Thirdly, we investigated the univariate relationships (correlations) between dairy cow enteric methane (CH4) production (g/day) predicted from milk MIR spectra and 42 technico-economic variables from 206 Walloon dairy herds over a period of 8 years. Enteric CH4 is an important part of the carbon footprint of milk production. Significant correlations ranged between |0.06| and |0.38|. Low MIR CH4 production tended to be associated with more extensive or suboptimal management practices, which could lead to lower profitability. The observed weak correlations suggest intricate interactions between MIR CH4 and technico-economic variables due to the use of real farm data with large variability in management practices. This implies the need for further research to unravel these complex relationships for a better understanding of factors associated with CH4 production on dairy farms in order to better target mitigation strategies.

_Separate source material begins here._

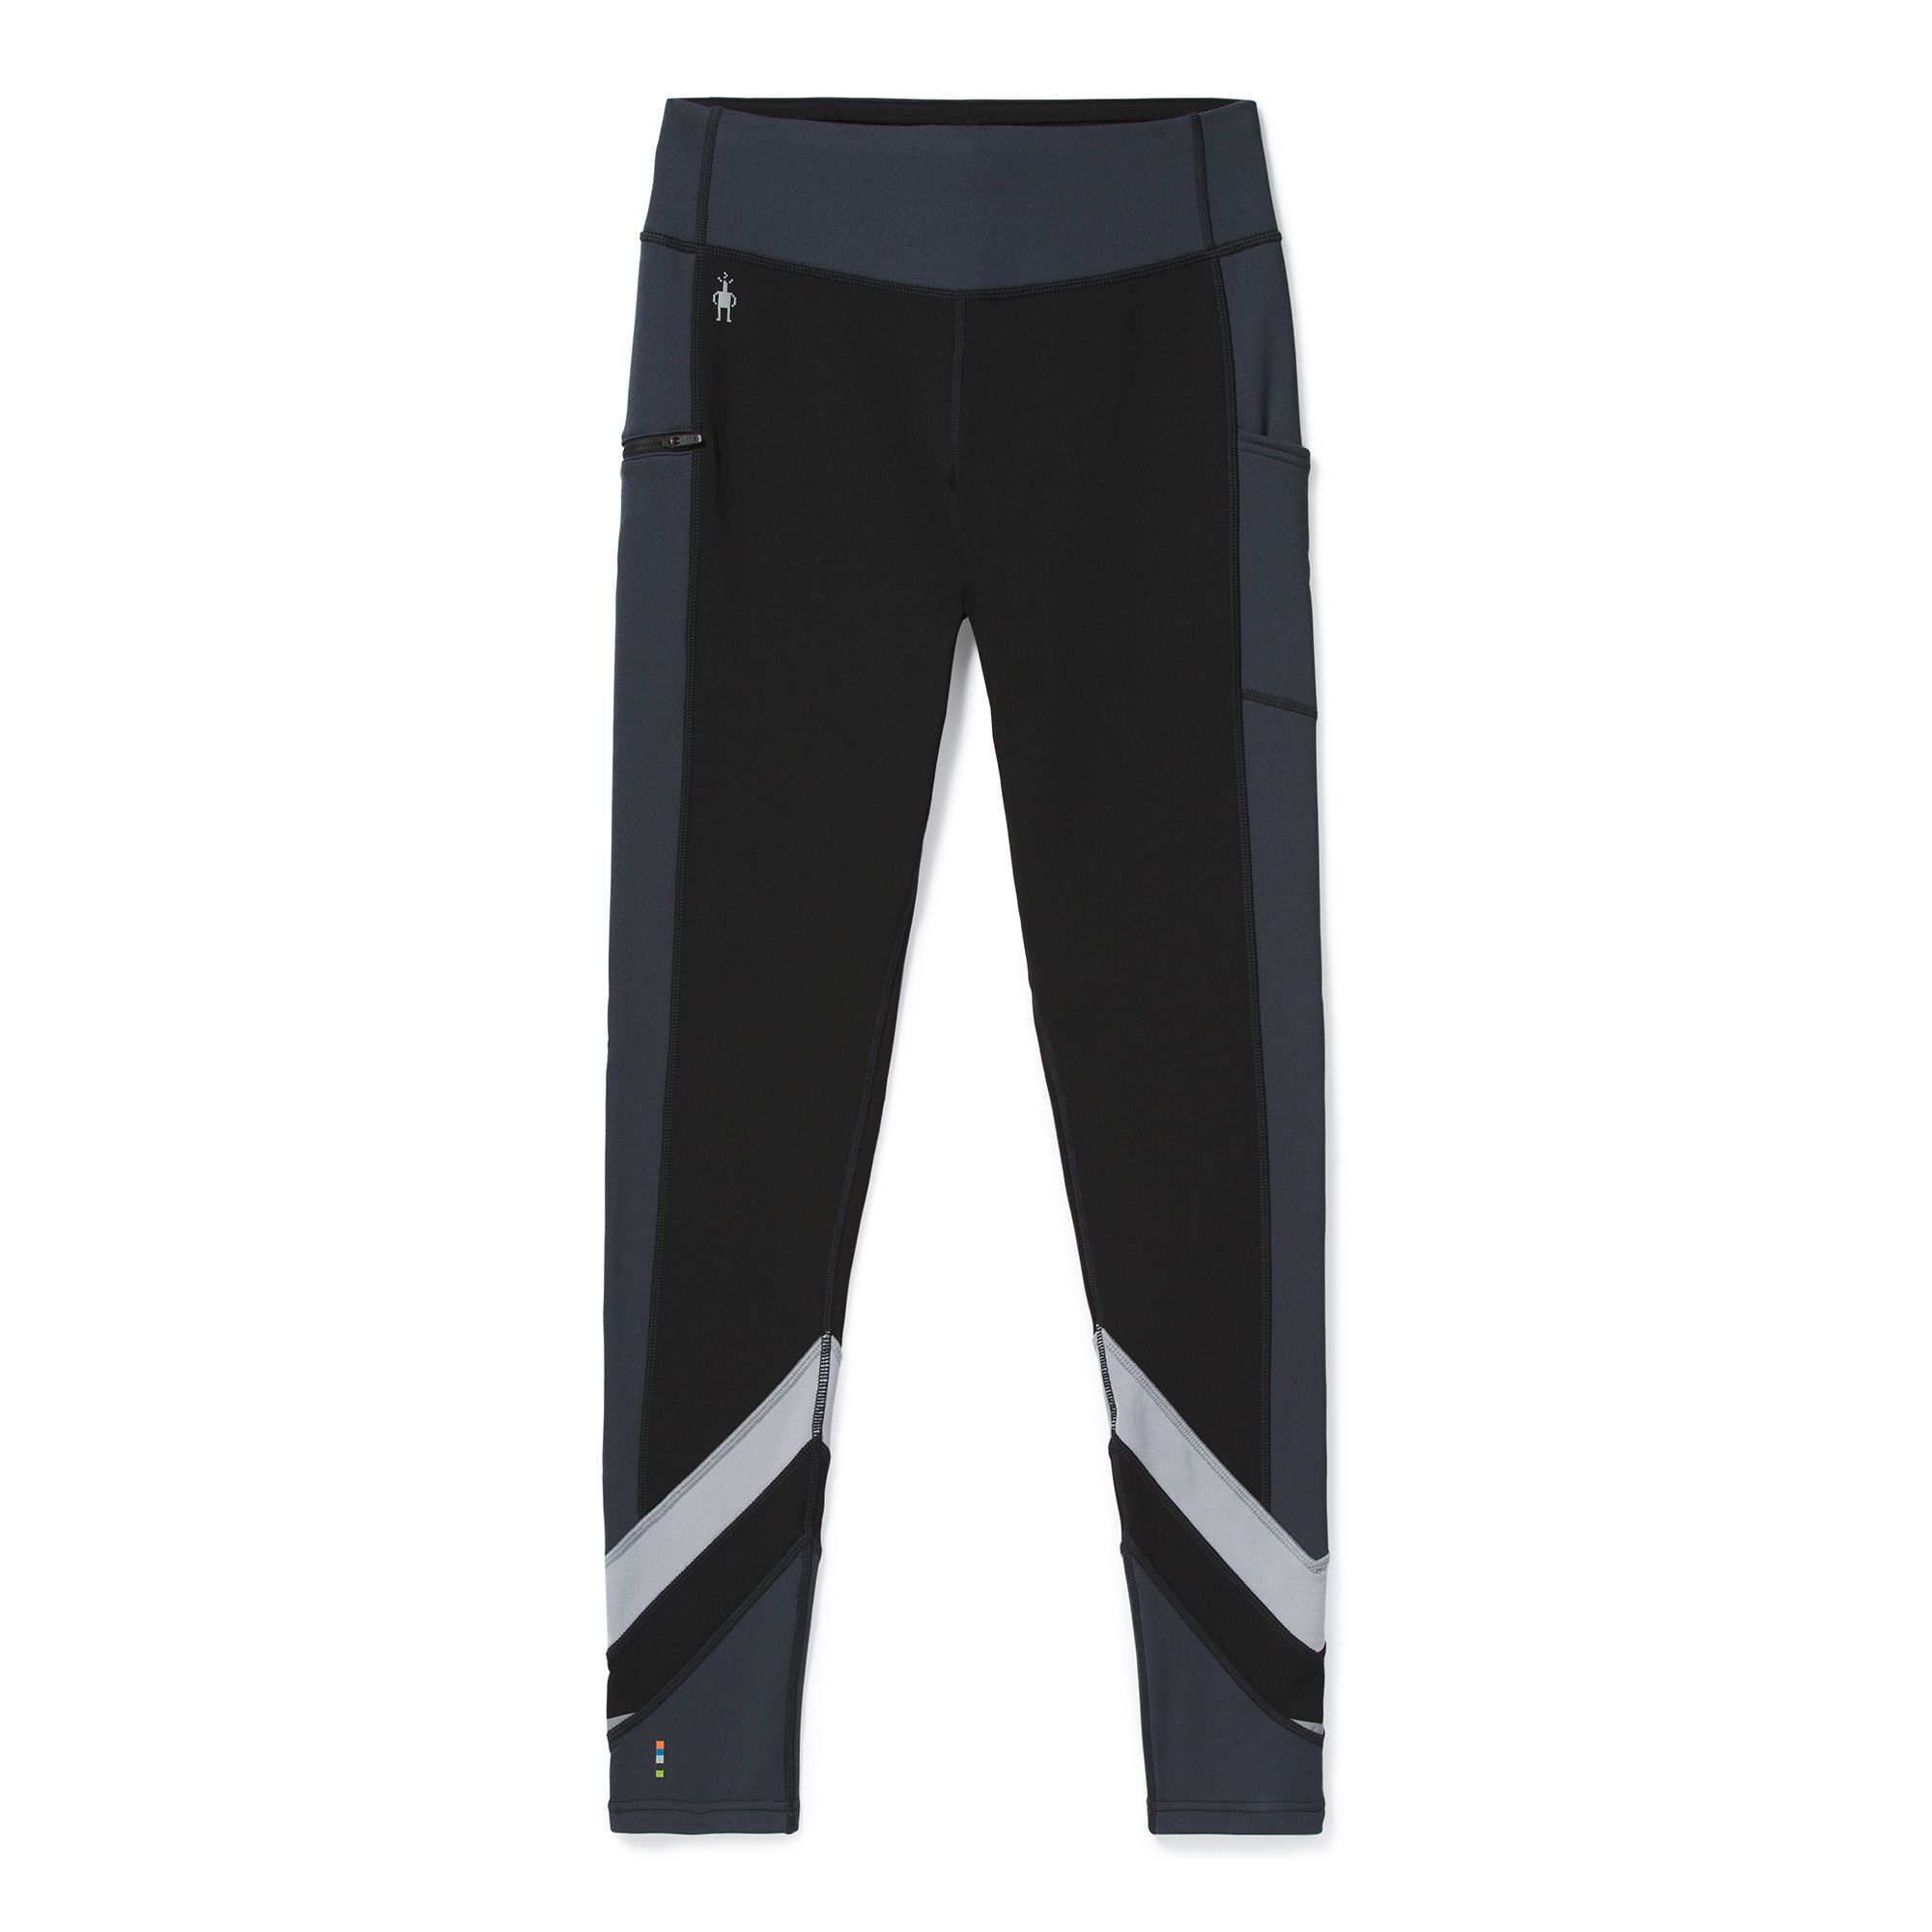 Smartwool Men's Merino Sport Fleece Pant - Soccer Sport Fitness

Lastly, we discussed, in the light of the research carried out in this thesis, strengths as well as issues and considerations regarding the development of decision-support tools using milk MIR. In particular, key strengths of MIR are the low cost and rapidity of the technology as well as the standard procedures for milk sample collection and analysis, allowing the acquisition of MIR data on a large scale for the development of various customized tools to assist decision-making on dairy farms. Issues and considerations covered the prediction of indirect MIR traits, the quality and variability of spectral and reference data, the choice and validation of models, the utilization of MIR indicators, the study of MIR traits in the population, the timing of milk sampling, and the uptake of MIR tools by farmers.
In conclusion, this thesis contributed (1) to establish the first steps of the development of new MIR tools and studies to support decision-making in dairy farming with potential economic and environmental benefits; and (2) to gain insight into the benefits and considerations of using milk MIR for the development of decision-support tools.